- Genres: Ska
- Years active: 1973
- Label: Mooncrest Records
- Past members: Clive Crawley (vocals); Brian Bennett (keyboards); The Cimarons:; Franklyn Dunn (bass); Carl Levy (keyboards); Locksley Gichie (guitar); Maurice Ellis (drums); Wild Country:; Alan Kanter (bass); Pete Dye (guitar); Kelvin Purcell (drums); Albatross:; Terry Keyworth (vocals, guitar); Danny Balkwill (bass); John "Joe" Jones (guitar); Malcolm Player (drums);

= The Hotshots =

British ska band

The Hotshots was a ska band which had a hit single in the UK singles charts with a cover of "Snoopy vs. the Red Baron" in 1973.

==History==

In Spring 1973, the head of Mooncrest Records, Clive Crawley, decided to record a cover of the Royal Guardsmen's hit "Snoopy vs. the Red Baron" as a counter to the heavy metal that was becoming popular. Crawley got together with the label's regular session keyboardist, Brian Bennett, and, in order to create a lilting ska sound, hired an Anglo-Jamaican band, the Cimarons, to provide the appropriate rhythm.

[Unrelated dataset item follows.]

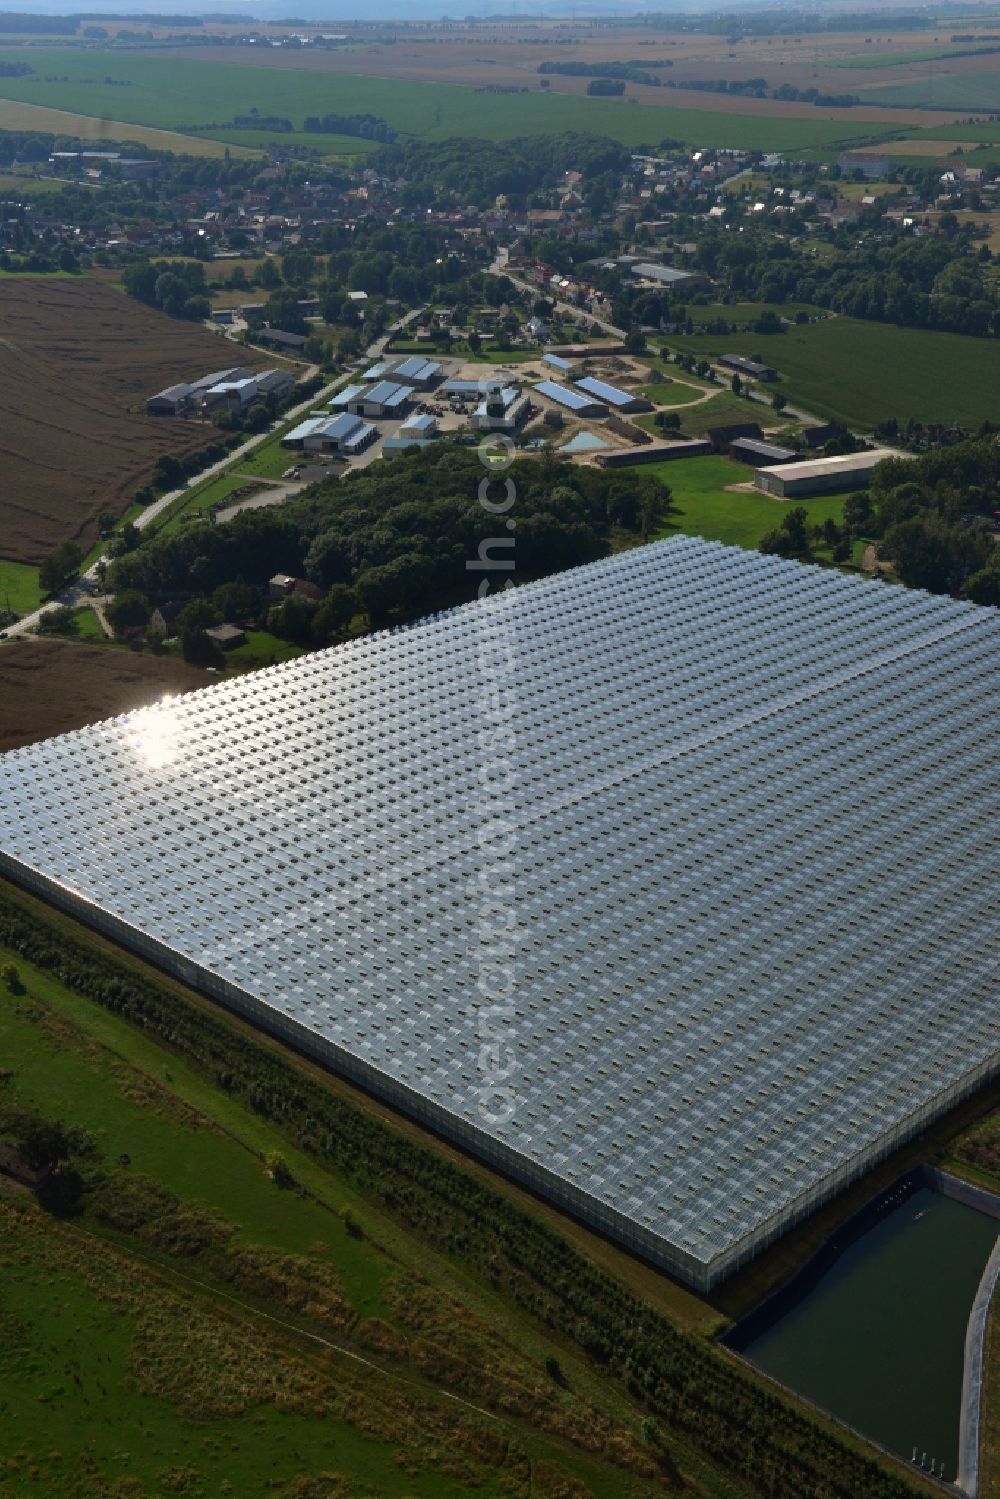 Aerial image Schkölen - Greenhouse plant for tomato production in Schkölen in Thuringia

The recording, released on 4 May 1973 under the group name the Hotshots, entered the UK Singles Chart for the week ending 2 June 1973, and peaked at no. 4 for the week ending 14 July 1973. However, rather than use the Cimarons to promote the single, Crawley recruited a different band - Wild Country - which twice appeared on Top of the Pops performing the song.

As the single dropped out of the charts, Wild Country, which did not have the rights to the Hotshots name, recorded a follow-up single ("Here Come the Three Bears") under the name the Hi-Shots, with Cliff Bennett as lead singer. Brian Bennett recruited a new band, Albatross, to be the Hotshots; this different combine recorded four further ska singles as the Hotshots, as well as an album, but none was a hit, and Albatross reverted to recording under their own name.

==Discography==
===Albums===

| Year | Album | UK |
|---|---|---|
| 1973 | Snoopy vs. the Red Baron | – |

===Singles===

| Year | Song | UK |
| 1973 | "Snoopy vs. the Red Baron" | 4 |
| "Battle of New Orleans" | – |
| "Yesterday Man" | – |
| 1974 | "Caribbean" | – |
| 1975 | "Mellow Yellow" | – |
"–" denotes releases that did not chart.